##### Dataset extract
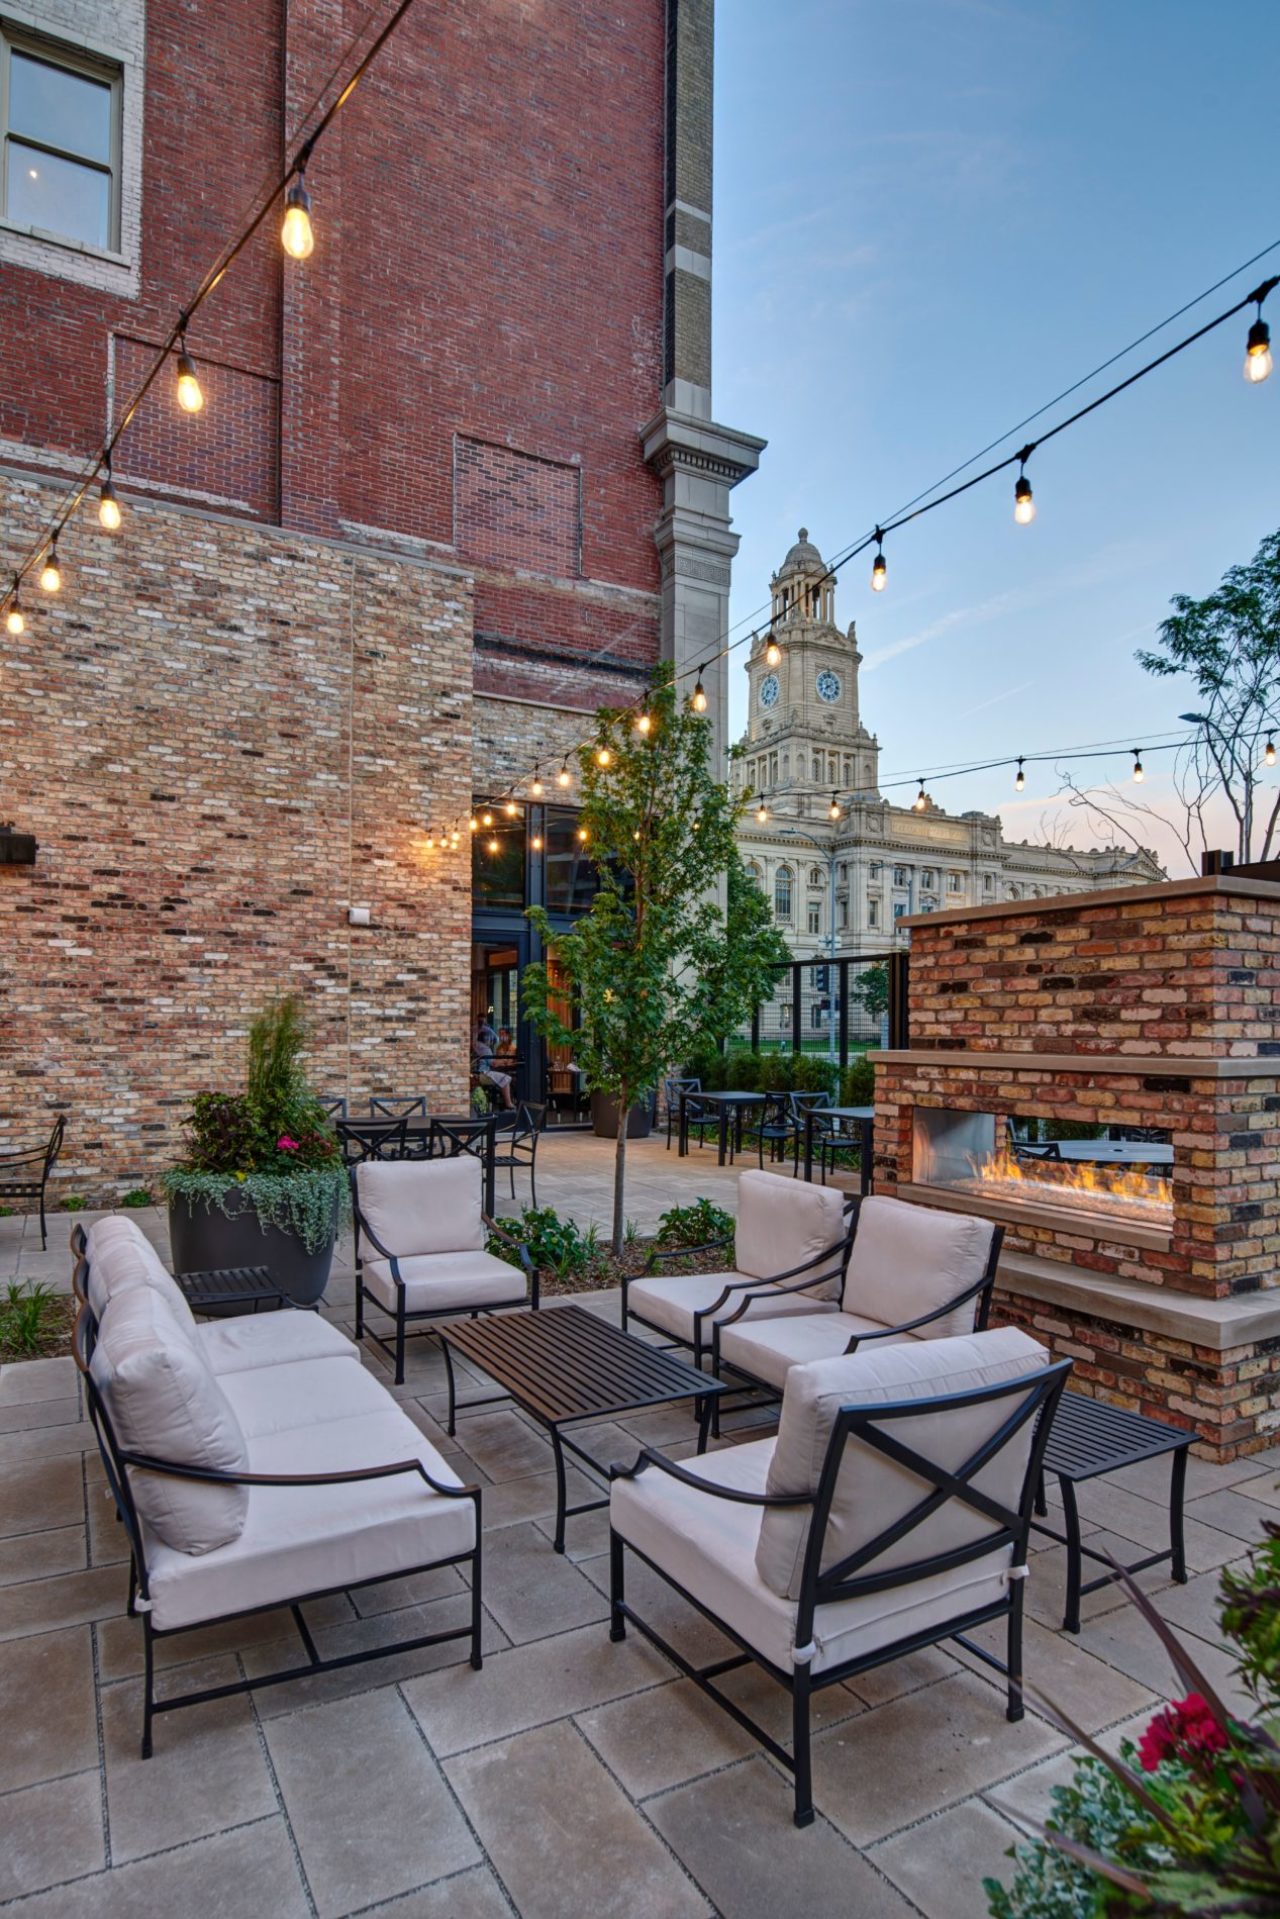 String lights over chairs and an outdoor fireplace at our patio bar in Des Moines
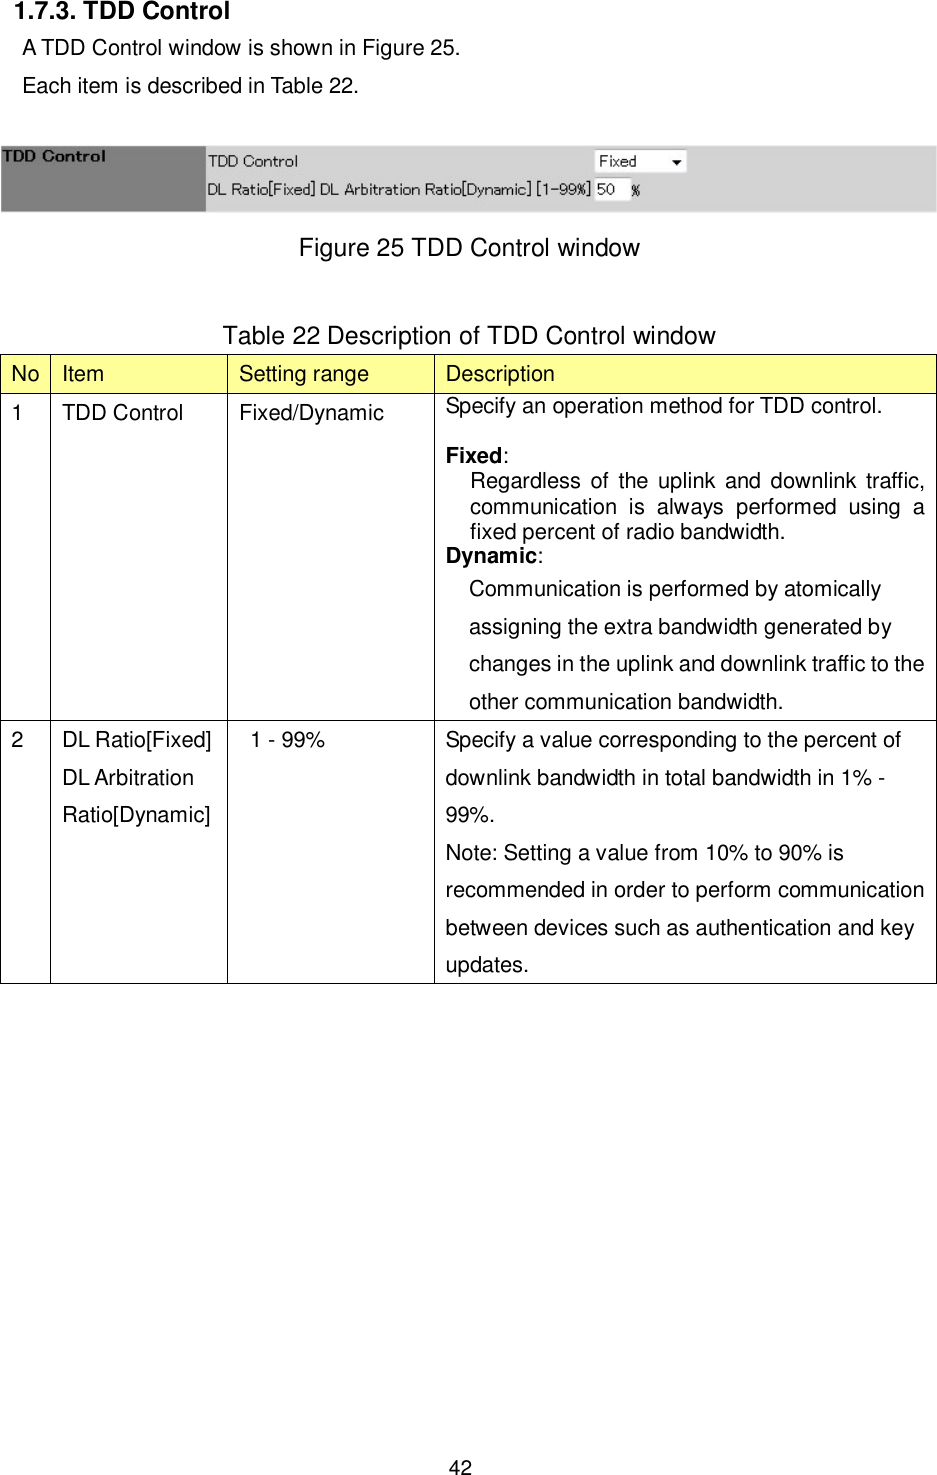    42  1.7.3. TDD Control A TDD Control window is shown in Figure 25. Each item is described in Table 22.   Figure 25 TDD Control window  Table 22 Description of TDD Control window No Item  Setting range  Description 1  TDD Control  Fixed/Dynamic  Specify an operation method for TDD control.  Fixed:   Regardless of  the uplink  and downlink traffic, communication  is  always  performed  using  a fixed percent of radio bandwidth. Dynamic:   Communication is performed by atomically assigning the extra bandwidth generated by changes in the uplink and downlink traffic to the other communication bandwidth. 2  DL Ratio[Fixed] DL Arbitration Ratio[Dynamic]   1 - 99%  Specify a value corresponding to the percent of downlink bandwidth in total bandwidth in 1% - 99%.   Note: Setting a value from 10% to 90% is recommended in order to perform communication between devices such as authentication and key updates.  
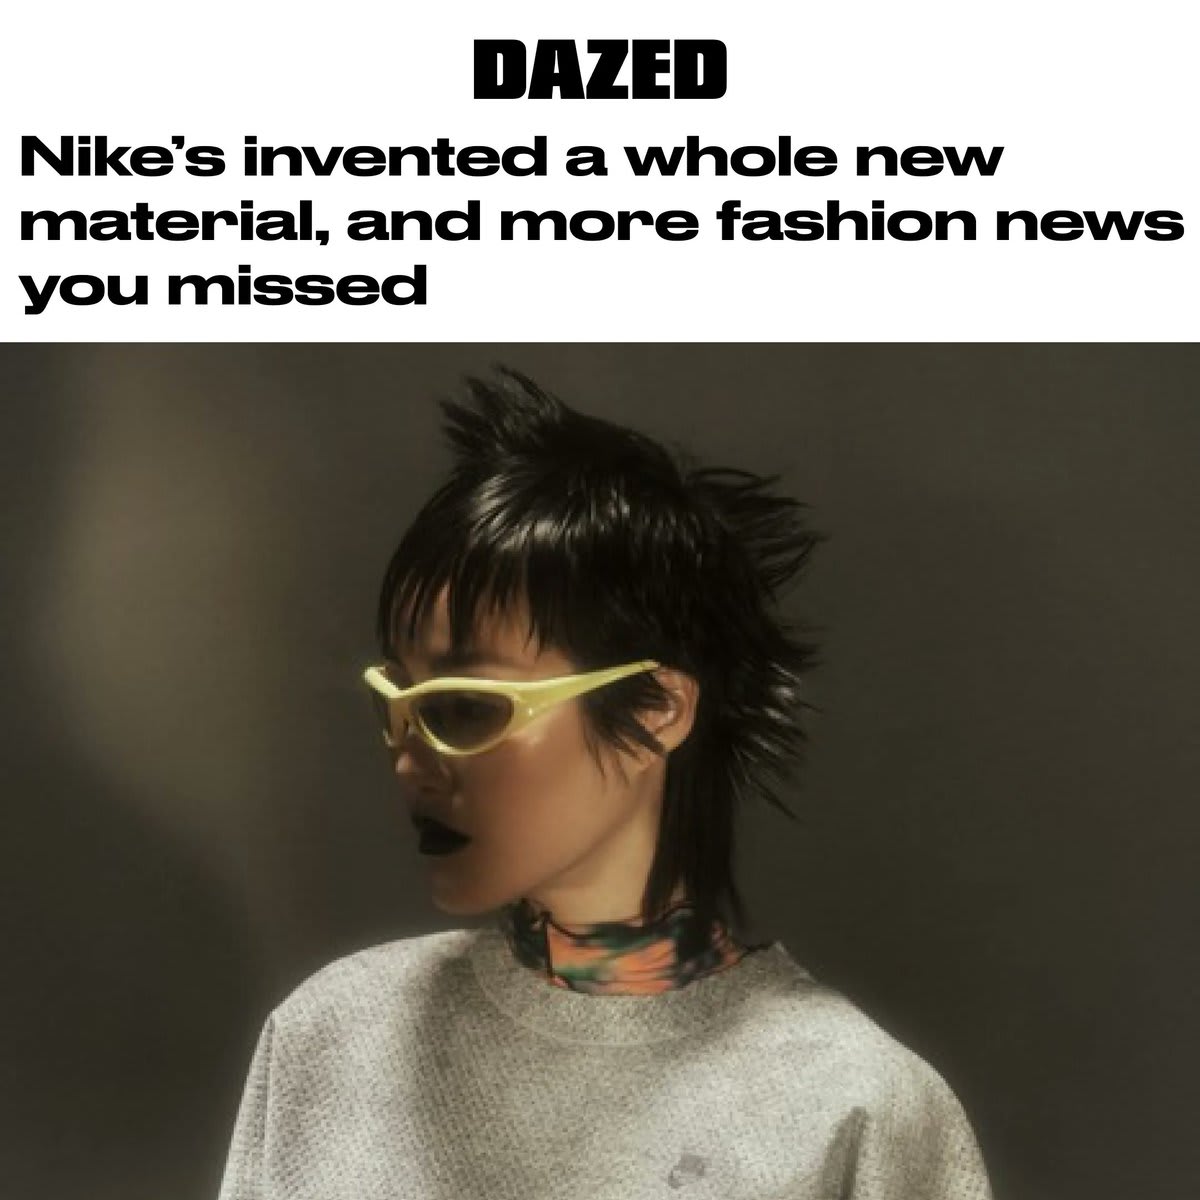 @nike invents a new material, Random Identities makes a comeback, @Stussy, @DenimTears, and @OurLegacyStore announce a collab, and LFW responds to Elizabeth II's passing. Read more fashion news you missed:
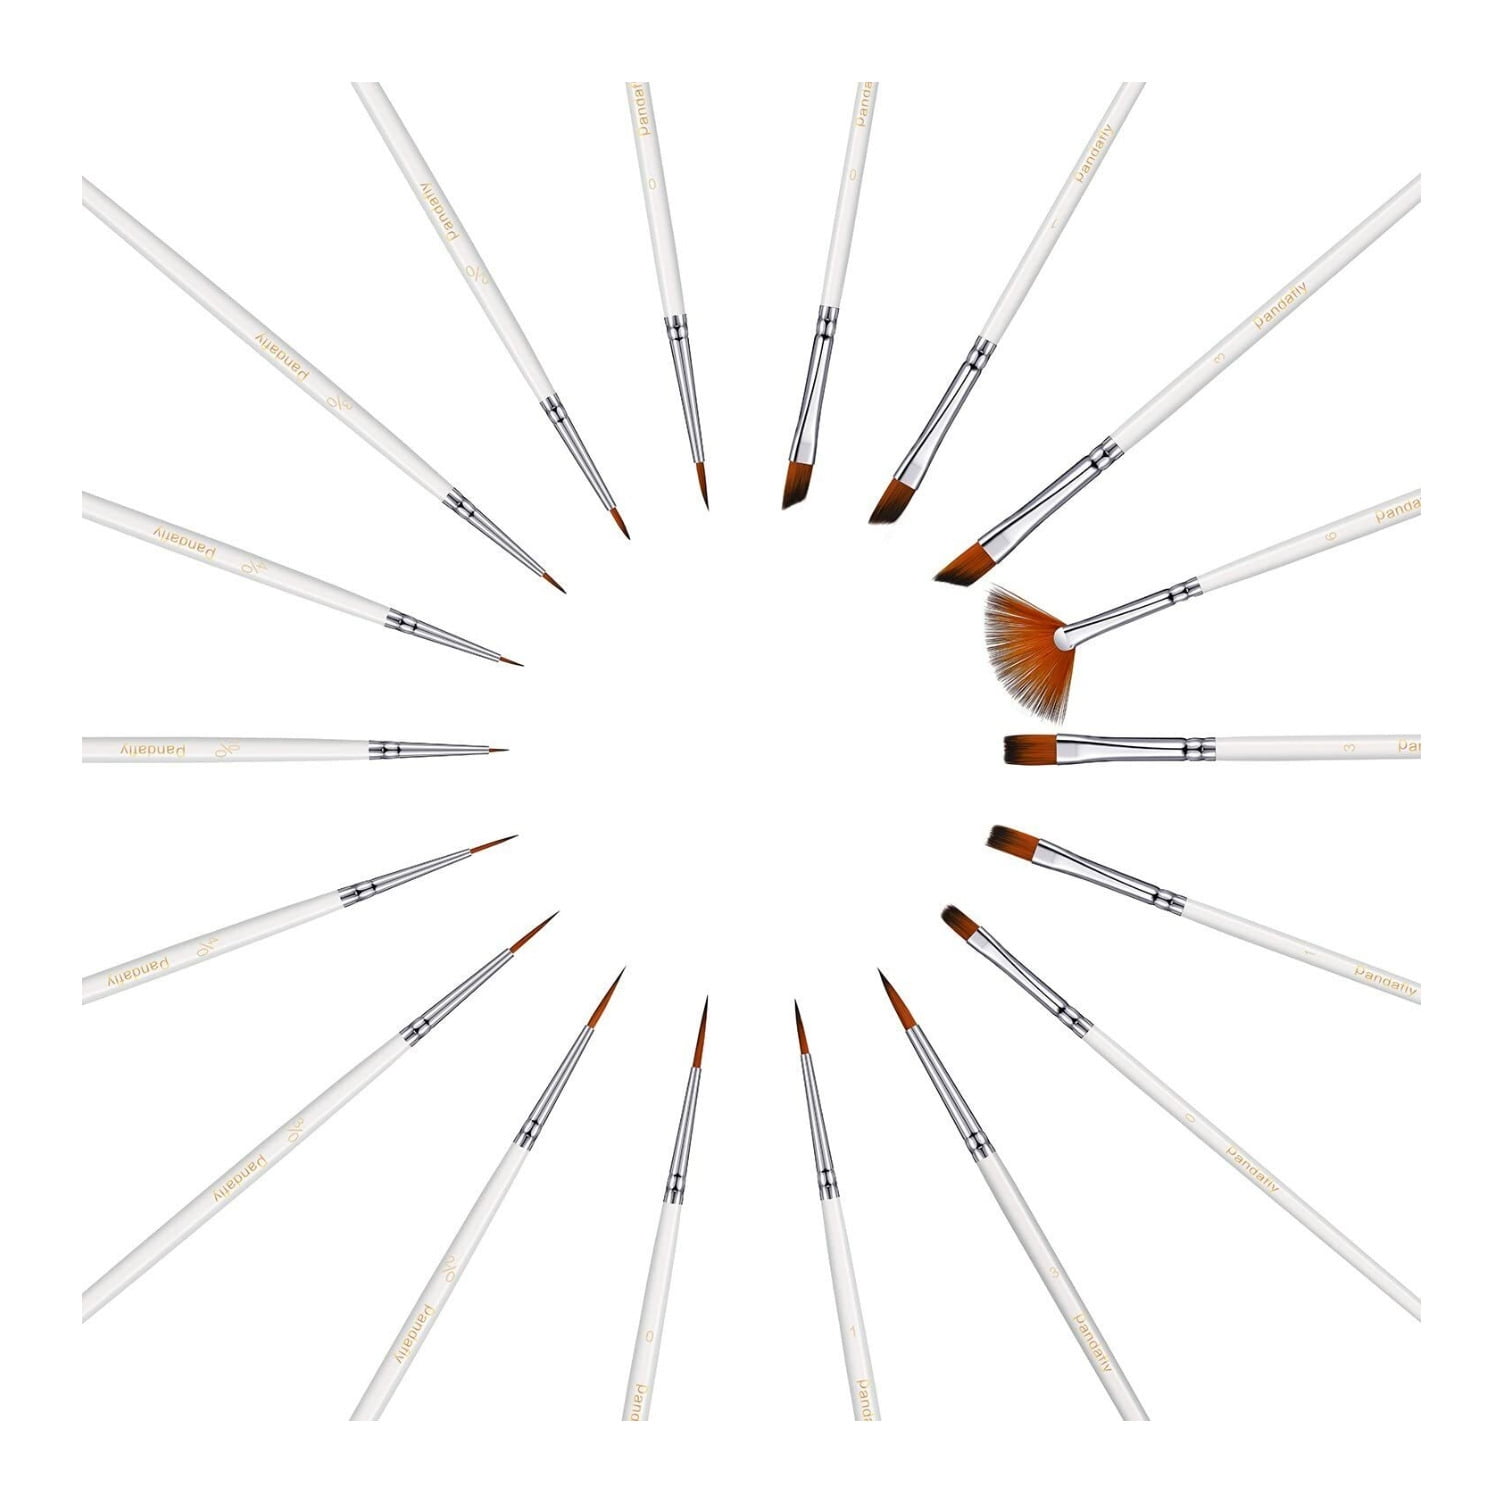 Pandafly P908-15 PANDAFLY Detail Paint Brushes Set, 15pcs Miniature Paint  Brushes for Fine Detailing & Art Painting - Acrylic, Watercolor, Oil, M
##########
• Your task: Starting at the line that contains "invents a new", please write out each line through the last line of the data, both ends included, and keep pictures out of the copy.

• Solution for this exercise:
 @nike invents a new material, Random Identities makes a comeback, @Stussy, @DenimTears, and @OurLegacyStore announce a collab, and LFW responds to Elizabeth II's passing. Read more fashion news you missed:
 Pandafly P908-15 PANDAFLY Detail Paint Brushes Set, 15pcs Miniature Paint  Brushes for Fine Detailing & Art Painting - Acrylic, Watercolor, Oil, M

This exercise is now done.